T. Keith Fogg, the director of the federal tax clinic at Harvard Law School's Legal Services Center, who is also involved with the summit, said he doesn't know when it will resume. For the time being, the pandemic has reduced some of the pressures on the CDP program, since the IRS has temporarily paused lien and levy enforcements through July 15 and will be slow to restart that work, Fogg said.
The summit's work so far has led to significant improvements in CDP notices, Fogg said, noting the newest version of the notice provides more information on the opportunity for a CDP hearing. However, more needs to be done to ensure that taxpayers understand they have to act to preserve their rights to a hearing under the CDP program, he said.

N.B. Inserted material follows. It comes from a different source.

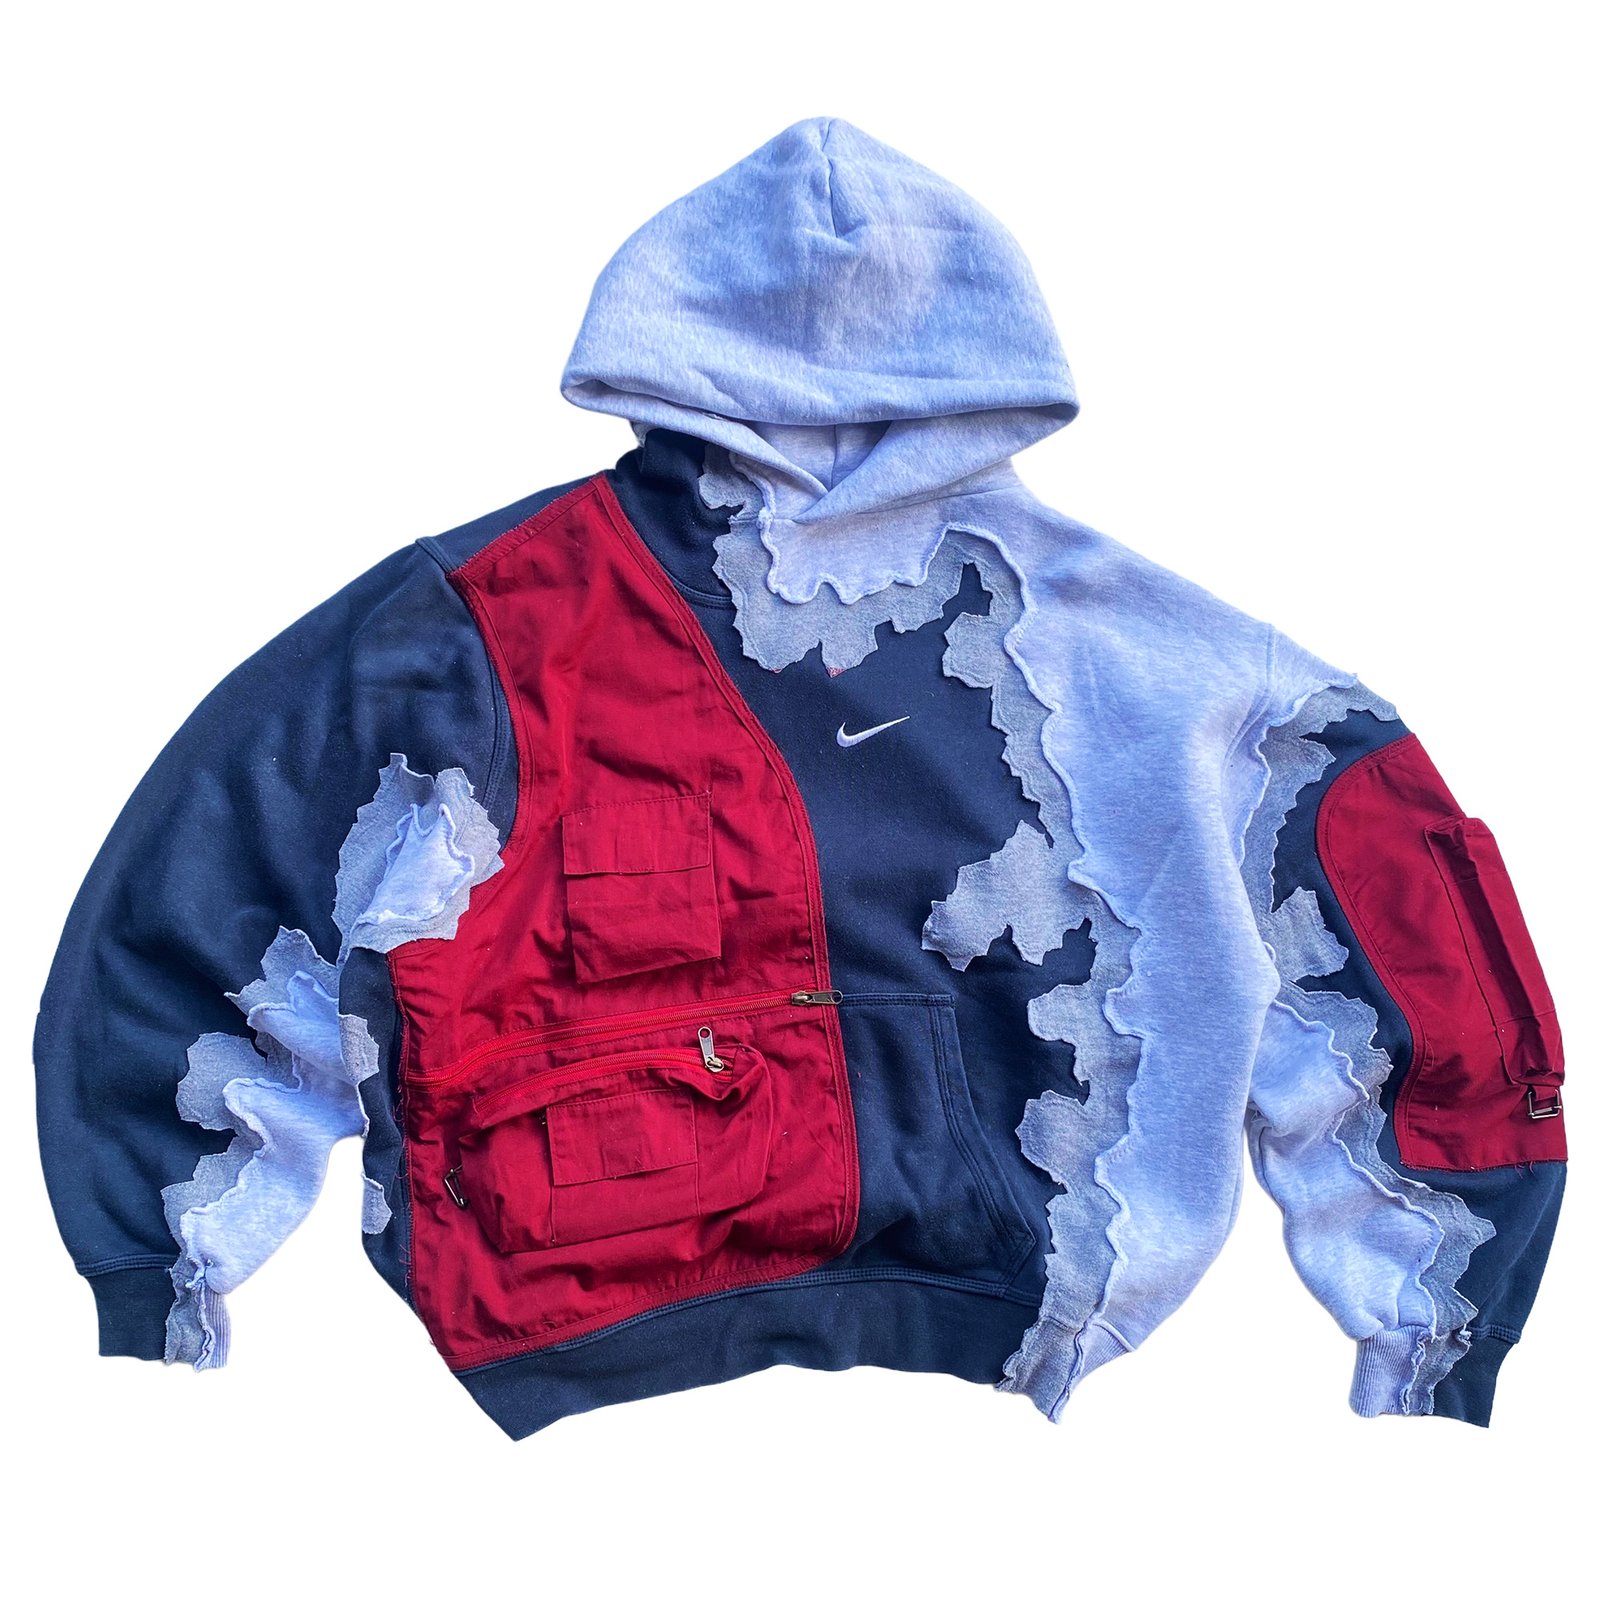 REWORKED NIKE CRACKED 3 LAYER WITH VEST HOODIE SIZE L/XL
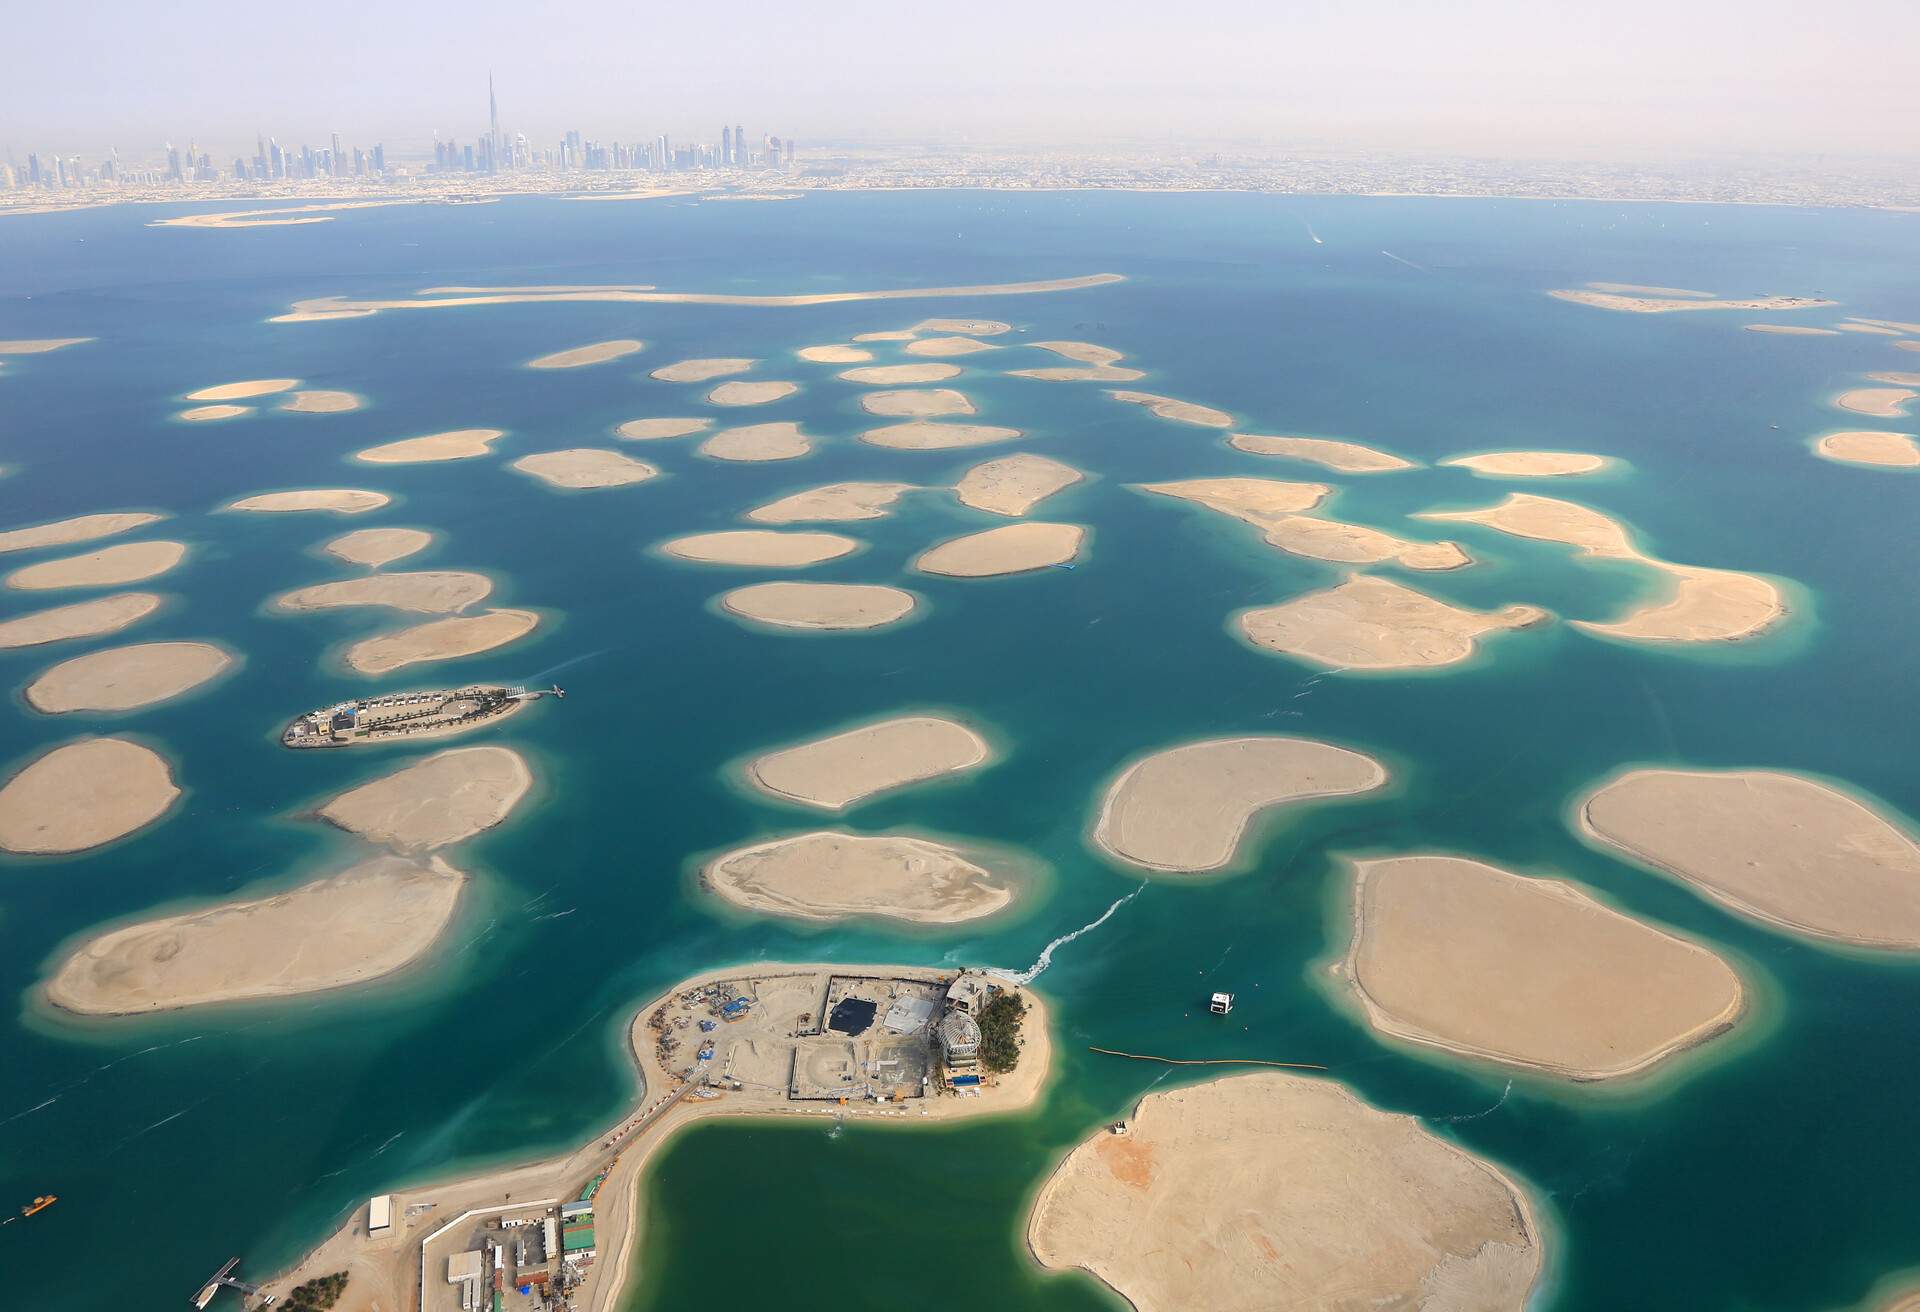 Everything there is to know about the Dubai World Islands | KAYAK

The IRS should allow equitable tolling to suspend the window for requesting a CDP hearing and also for filing a Tax Court petition after a CDP determination, he said.
Another issue the summit could address when it resumes is what can be litigated under the CDP program, he said.
One recent setback to the CDP program came in March in a Tax Court case, Joseph Thomas Lander et al. v. Commissioner, Fogg said. The court ruled that the IRS had the authority to enforce a lien to collect $183,000 in tax liabilities from an attorney and his wife because the agency attempted to notify them of deficiencies in a timely manner while he was imprisoned and allowed them the chance to appeal. Lander had argued the underlying assessment was improper and that he didn't have a chance to appeal its merits.
"The decision in Lander continues the evisceration of the ability to litigate the merits of a tax liability in CDP," Fogg said. "This is an area that might require a legislative push, as I am not confident that success will be achieved through litigation."
A. Lavar Taylor, a Southern California tax controversy attorney, said the agency should resolve the matter of what can be litigated in CDP through regulation.
A taxpayer may not raise issues in a CDP hearing if the issues have already been raised and considered at prior judicial or administrative hearings and the taxpayer meaningfully participated in those hearings, according to the national taxpayer advocate's 2019 annual report to Congress. Taylor said he'd lost three cases at the appellate level arguing taxpayers should have the opportunity to litigate their liabilities in CDP hearings if they haven't already had the opportunity to challenge them in court.
Not many taxpayers make use of CDP, though. According to the national taxpayer advocate's 2019 report, between 2003 and 2019 a mere 1.44% of taxpayers who received CDP notices requested a hearing, and less than 1% filed a petition in the Tax Court.
Eric Santos, executive director of the North Georgia Low Income Taxpayer Clinic, said several factors are driving the low participation rate, at least for those he works with. Most people aren't well versed in IRS procedures when they get their first lien or levy notice, and while the notices explain taxpayer rights, many struggle to understand them and finding effective help can be tricky, he said.
While the number of CDP cases may increase due to the pandemic, participation rates are not likely to follow suit, Santos said.
"The absolute number of CDP hearings might rise, but I'm not sure that the rate of CDP hearings requested as a percentage of all lien and levy notices will rise," he said.
Whether more hearings occur will depend on how IRS collection staffers manage their workload, Taylor said. He's not sure, he said, how nuanced an approach the agency will take to collection work starting July 15, but he was confident more taxpayers would find themselves struggling.
"You're going to have a lot of folks who have new tax problems or have a new inability to manage tax problems that were being managed," he said, adding that many people who weren't previously in the position of having to choose between paying taxes, and food or housing costs, will find themselves there.